**Input data:**
[Start of Attachment]
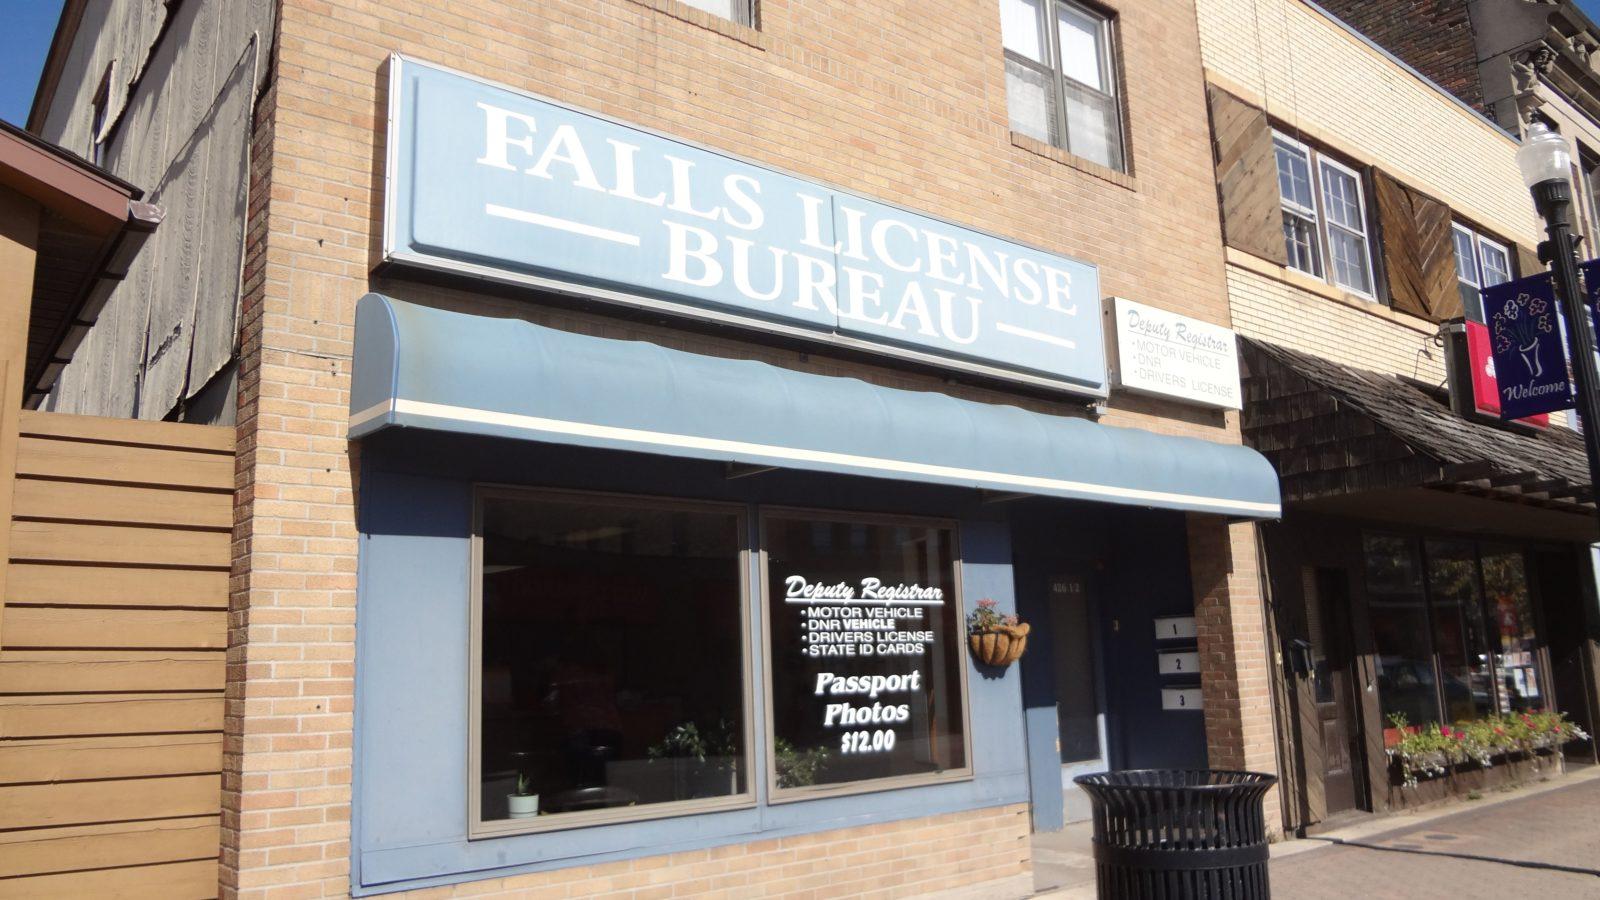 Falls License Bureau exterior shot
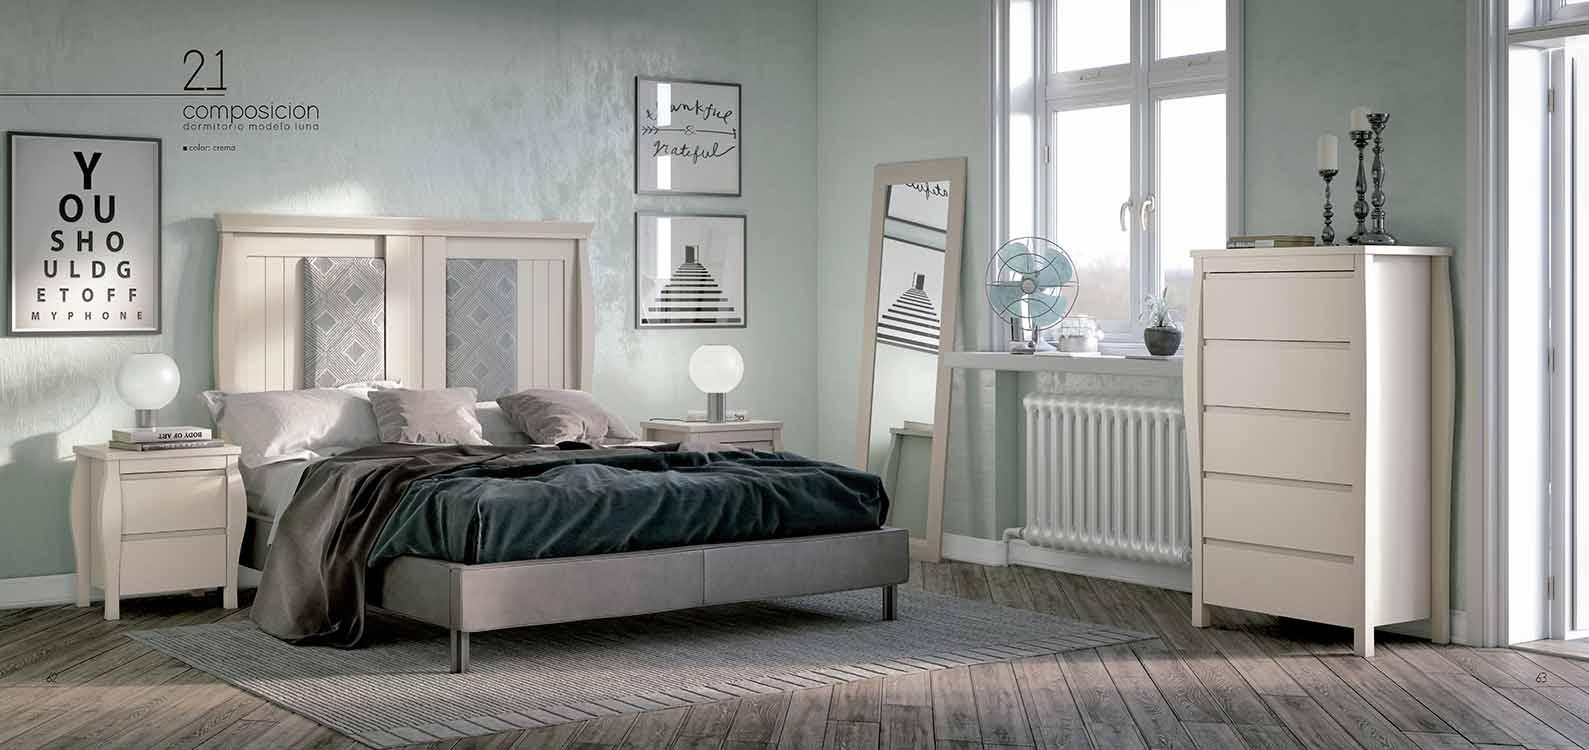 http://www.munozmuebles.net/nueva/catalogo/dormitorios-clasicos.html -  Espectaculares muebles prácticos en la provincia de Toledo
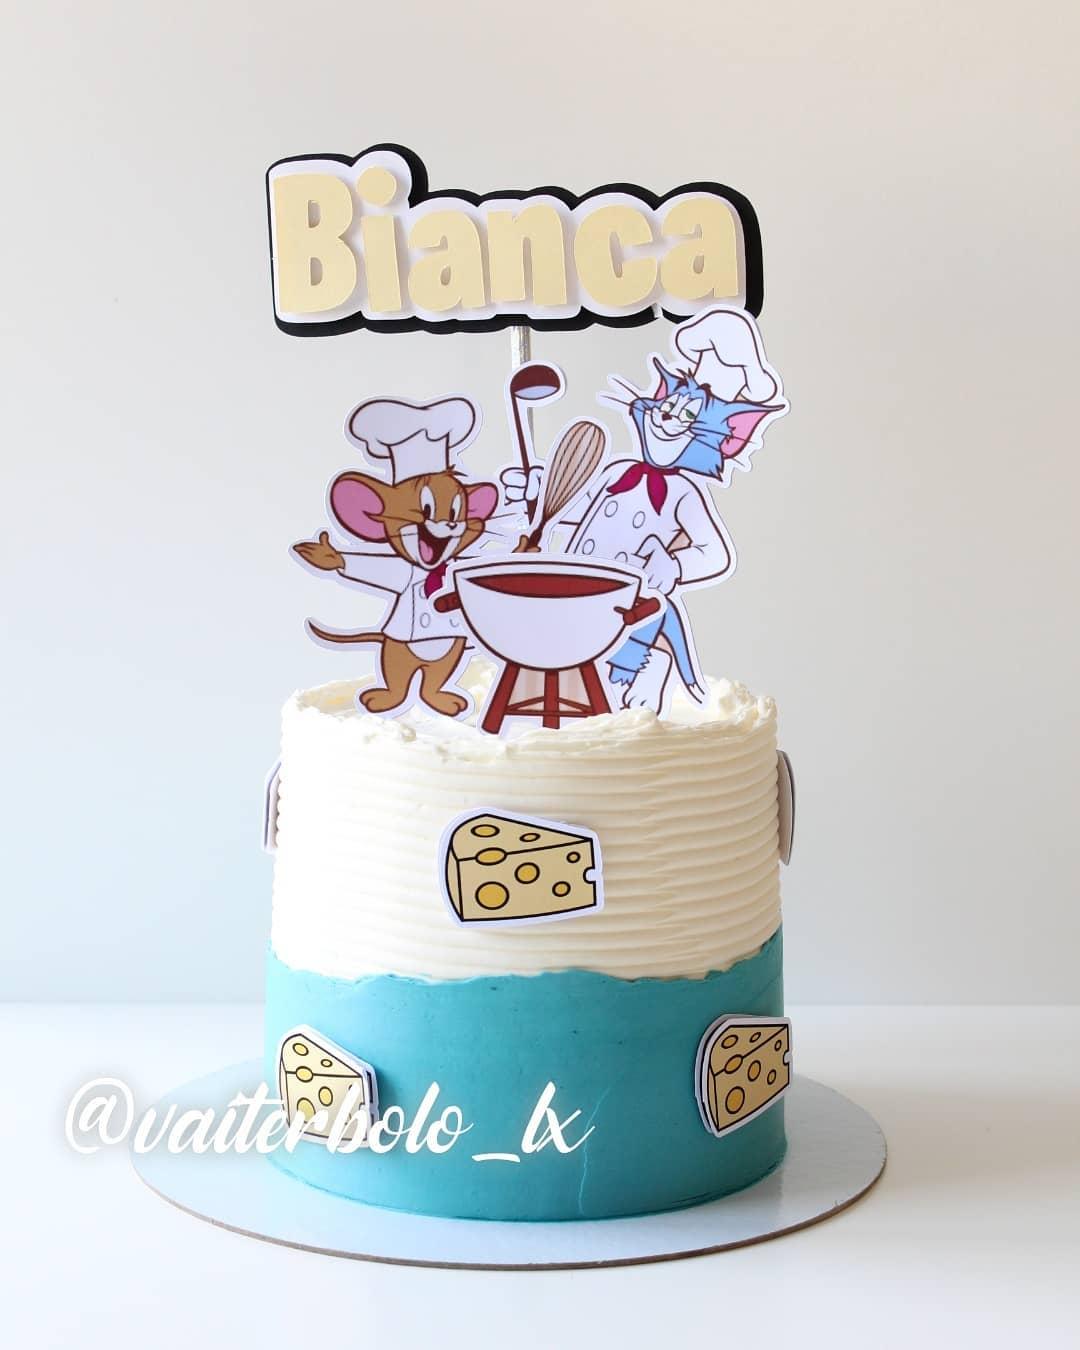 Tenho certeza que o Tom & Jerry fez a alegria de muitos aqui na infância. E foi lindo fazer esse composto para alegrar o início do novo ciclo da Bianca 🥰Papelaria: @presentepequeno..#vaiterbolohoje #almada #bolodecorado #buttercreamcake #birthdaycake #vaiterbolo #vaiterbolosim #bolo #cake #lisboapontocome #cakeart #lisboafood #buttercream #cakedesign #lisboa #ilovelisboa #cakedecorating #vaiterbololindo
[End of Attachment]
[Start of Attachment]
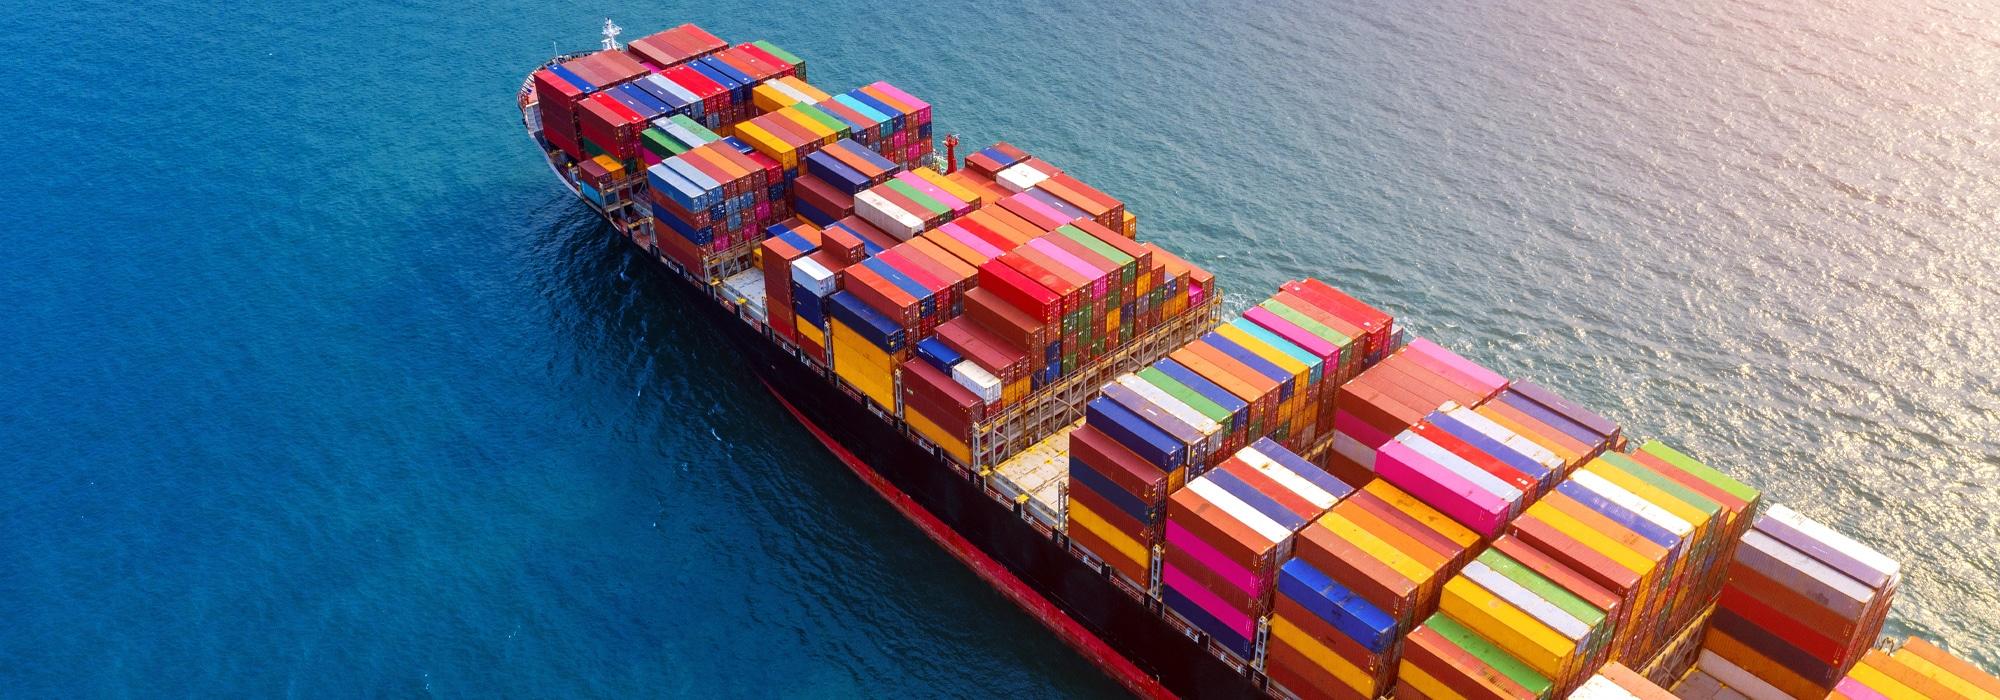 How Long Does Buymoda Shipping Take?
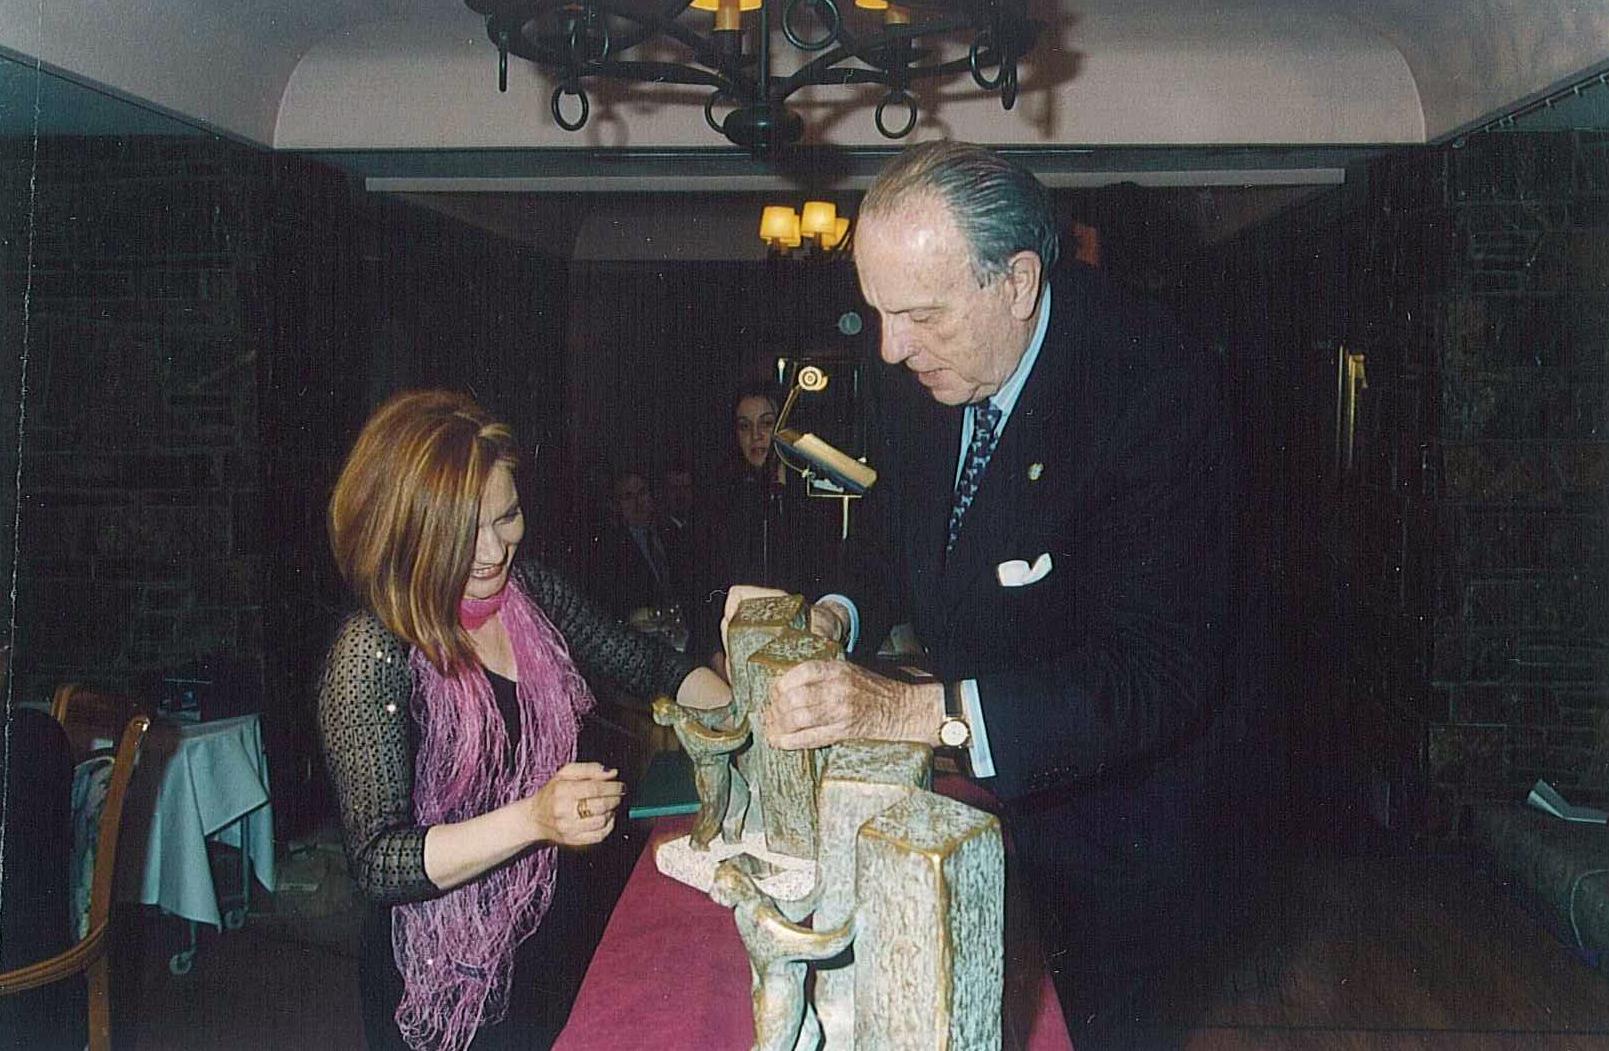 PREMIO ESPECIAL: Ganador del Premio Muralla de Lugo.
[End of Attachment]
[Start of Attachment]
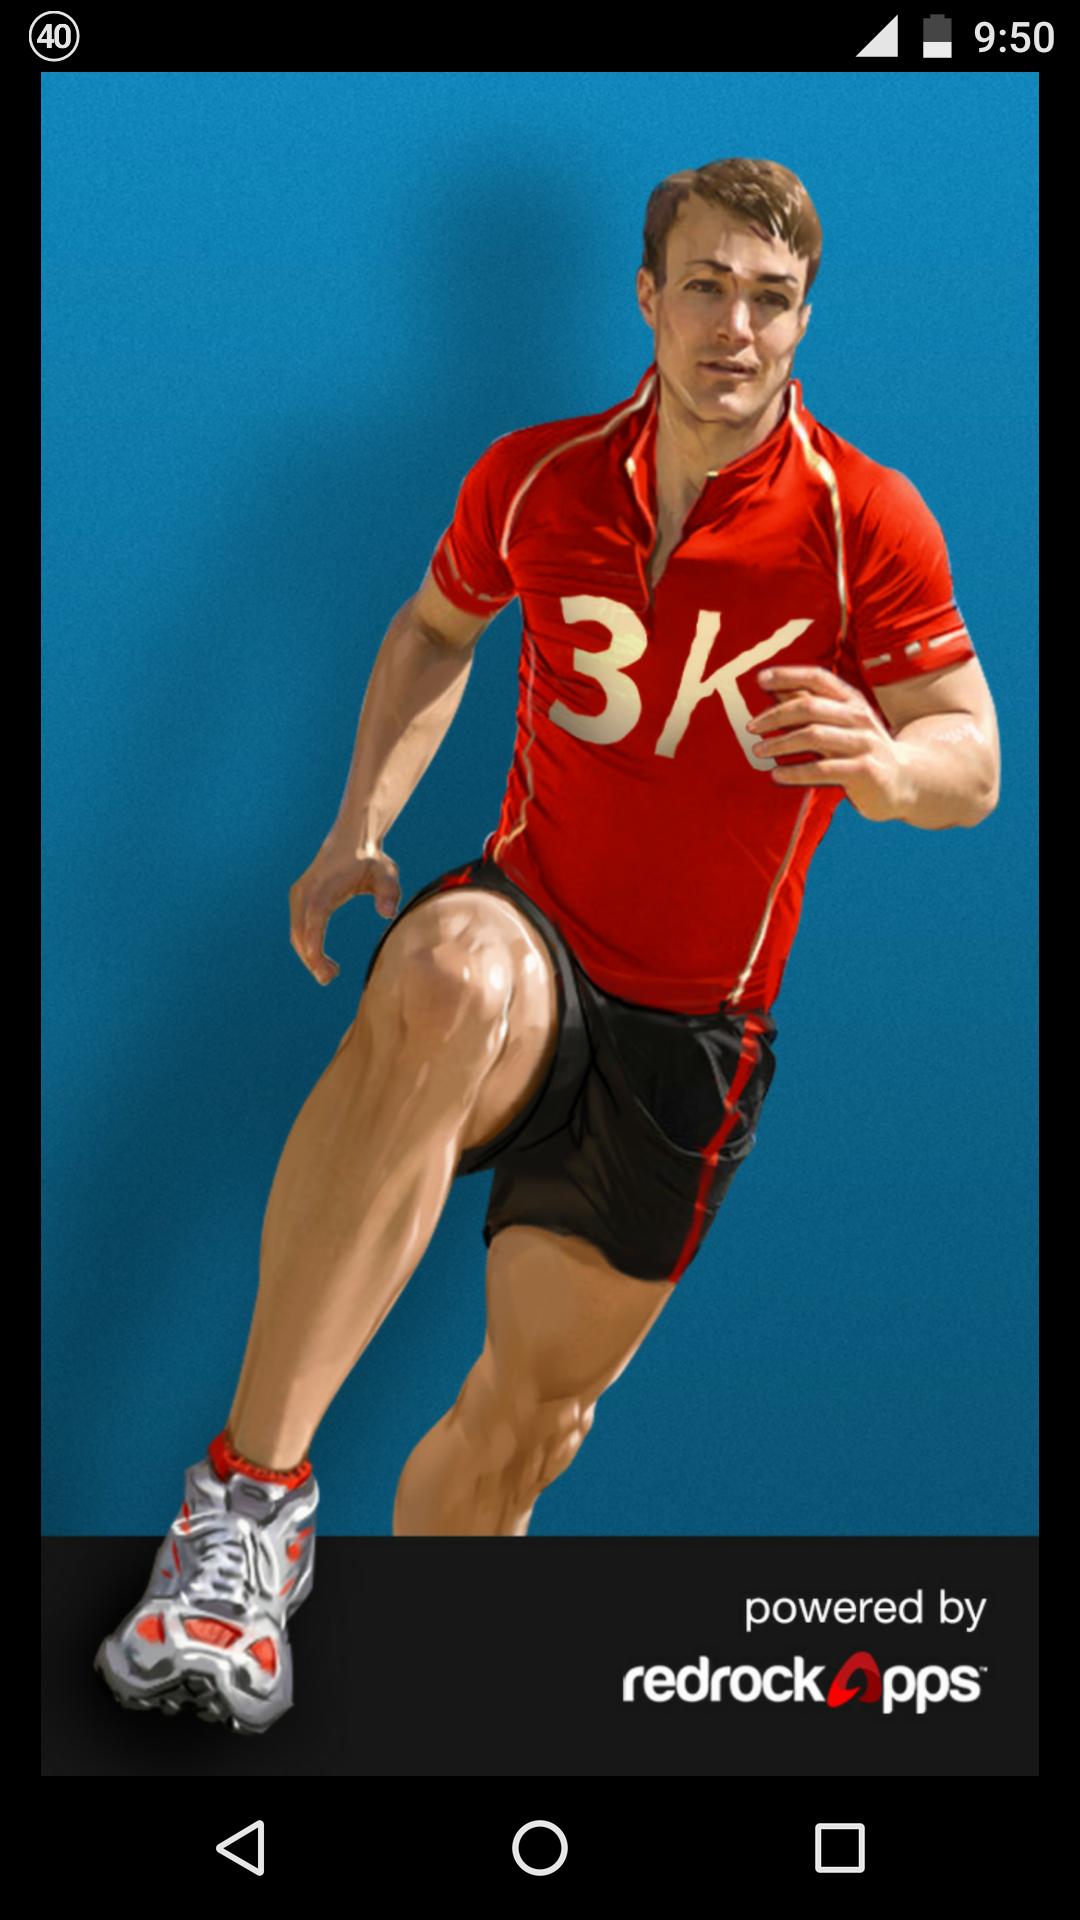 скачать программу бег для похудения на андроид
[End of Attachment]
Using the listing above, restate exactly the range between the lines holding "How Long Does Buymoda Shipping Take?" and "PREMIO ESPECIAL: Ganador", inclusive, with pictures left out.

**Answer to this exercise:**
 How Long Does Buymoda Shipping Take?
 PREMIO ESPECIAL: Ganador del Premio Muralla de Lugo.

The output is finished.